For Apiary in particular, make sure that your examples actually execute against a real server, as well as act appropriately as a mock. This is one of the main benefits of doing this sort of API documentation in Apiary (rather than just a Github or equivalent repository using markdown), so make the most of it.

Helpful Tips

I found that using Data Structures (using the +Attribute syntax) was by far the best way of describing request/response structures, both in terms of presentation in the resulting document and in terms of reusability between multiple elements.

Specifying a section for data structures is easy enough. Before you do your first API endpoint reference in the document (with the ## Customer [/customers] syntax), you can simply specify a data structures heading as follows:

# Data Structures
## Fancy Object (object)
+ Something: Sample Value (string, required) – Comment describing the purpose of the field
+ AnotherThing: `different sample escaped` (string, required)
+ IsAwesome: true (bool, optional)

# Simple Thing (object)
+ Special: yes (string, required)

## Derivation (Fancy Object)
+ Magical: (Simple Thing, required)

You can then reference those data structures using the +Attributes (Data Structure Name) syntax in the API reference later on.

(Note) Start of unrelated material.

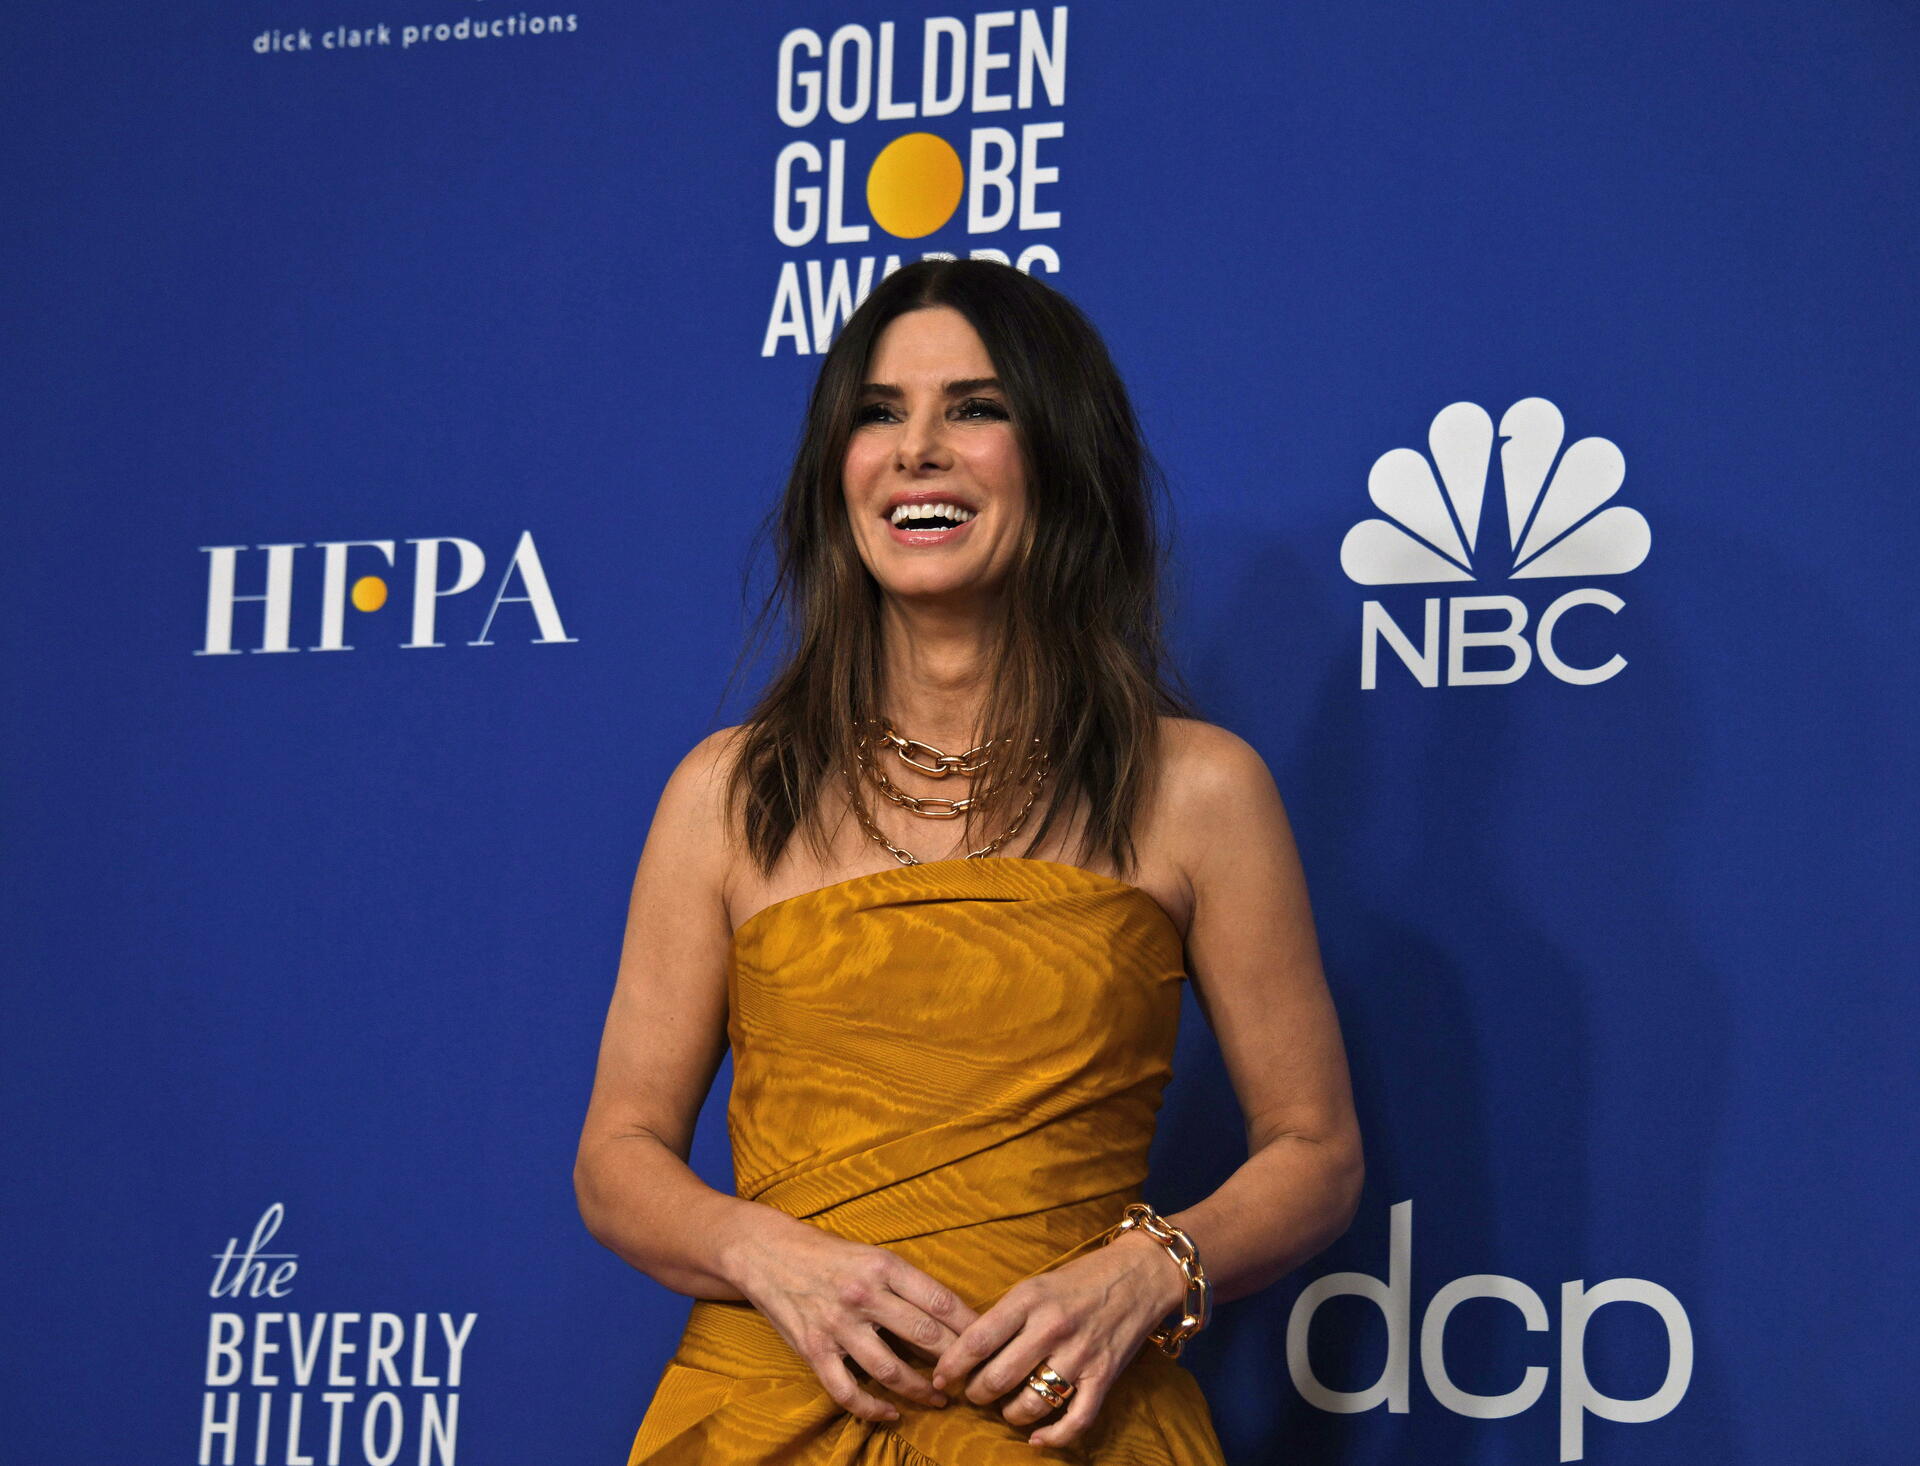 Golden Globes regresan a la televisión en 2023, aseguran en Hollywood

Notice that you can model inheritance and composition in a very nice way, which can make for some very reusable components, and that there is room for comments and descriptions to do away with any ambiguity that isn’t already dealt with via the name and example value.

It Could Be Better

Its not all great (even though it is pretty good).

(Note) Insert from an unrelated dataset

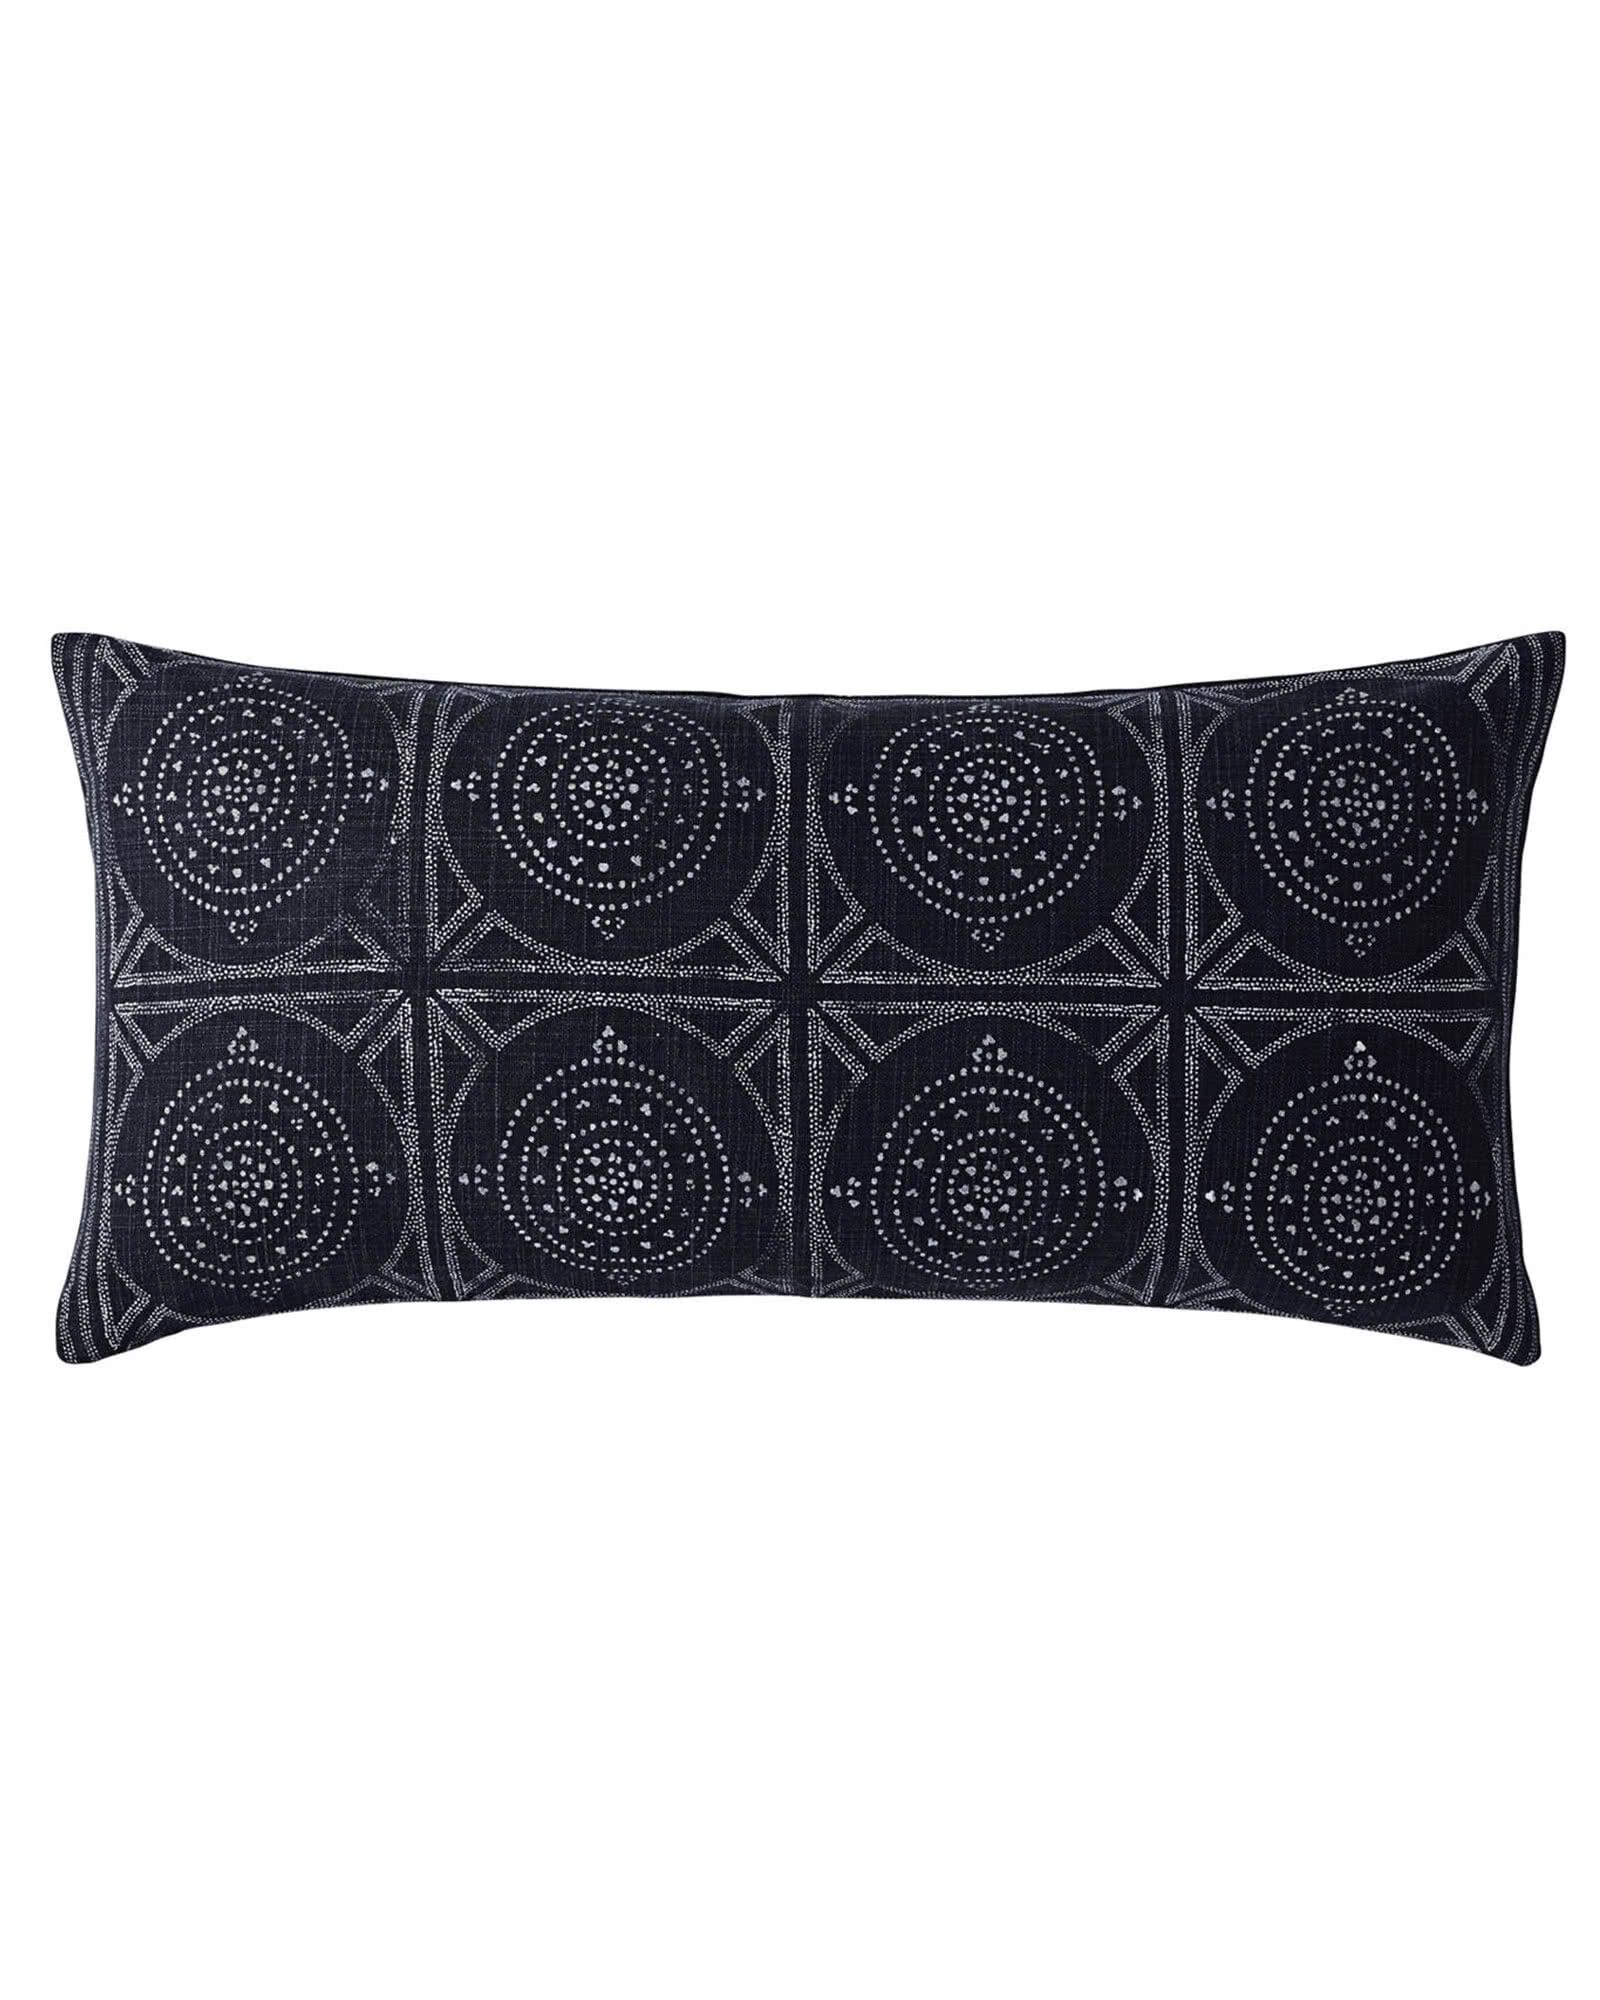 Camille Mosaic Lumbar Pillow Cover

I had a lot of issues with common headers in my API Blueprint, like a common header for identifying the source of a request, or even the requirement of an Authorization header. This was mostly just me not wanting to repeat myself, as I didn’t want to have to specify the exact same header for every single endpoint in the documentation, and have the examples be executable. Even the ability to specify variables to be substituted into the blueprint in a later place would have been better. I really don’t like having the same information stated in multiple locations. It makes maintenance a gigantic pain.

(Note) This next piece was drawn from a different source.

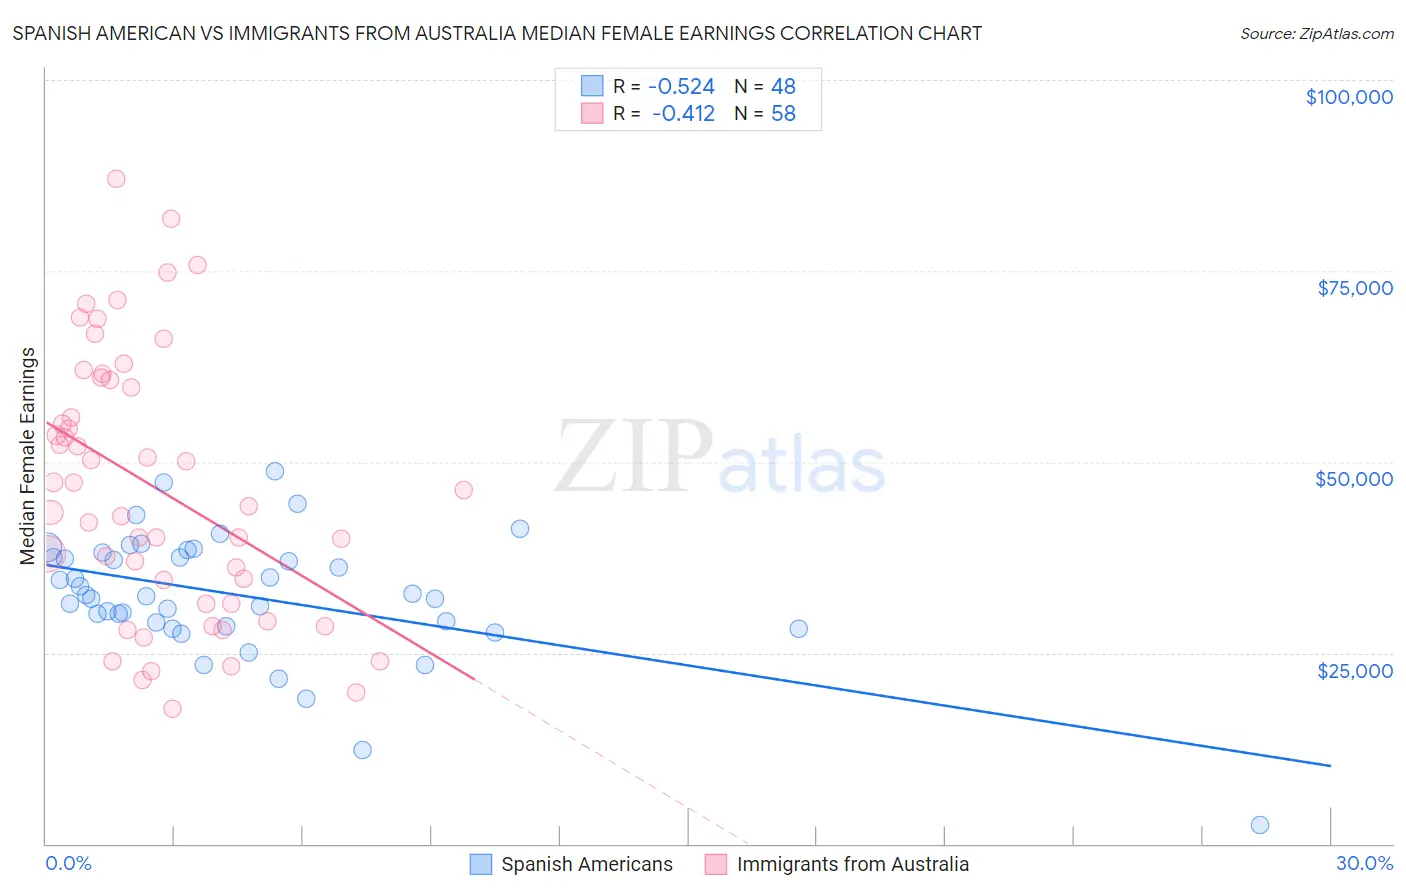 Spanish American vs Immigrants from Australia Median Female Earnings

Another rough patch is that there seem to be a number of different ways to accomplish the same sort of thing (reduced duplication when dealing with request/response templates). You can use models (which can define headers, bodies and schemas) or you can use data structures (which are less JSON specific and more general, but can’t do headers) or you can manually specify the information yourself in every section. It can be difficult to determine the best tool to use.

I assume that this is a result of the service changing quite rapidly and that it will likely settle down as it gets more mature.

Finally, because of the nature of the markdown, it can be quite hard to determine if you have actually done what you wanted to do, in terms of the Apiary specific data structures and specifications. If you mistype or leave out some required syntax, its probably still valid markdown, so your documentation still works, but it also doesn’t quite do the right thing. There is some syntax and semantic checking available in the online editor, which is awesome, but it can be a bit flakey at times itself. Still, I imagine this will improve greatly as time goes on.

Conclusion

As a step up from normal API documentation (either in a Wiki or using some sort of Markdown), Apiary offers a number of very useful features. By far the most useful is the ability for the specification to actually create an executable service, as well as pass requests through to your real service. This can really improve the turnaround time for validating your designs and is a major boon for API development.

At a conceptual level, I’m still disappointed that we have to document our API’s, rather than somehow exposing that information from the API itself. My ideal situation would be if that sort of ability was included as part of the source of the API. I still hate the fact that the two can very easily get out of sync, and no matter how hard you try, the only source of truth is the actual executable code. Its the same problem with comments in your code. If you can’t make the code express itself well enough, you have to resort to writing around it.

If I have to document though, I want the documentation to be verifiable, and Apiary definitely provides that.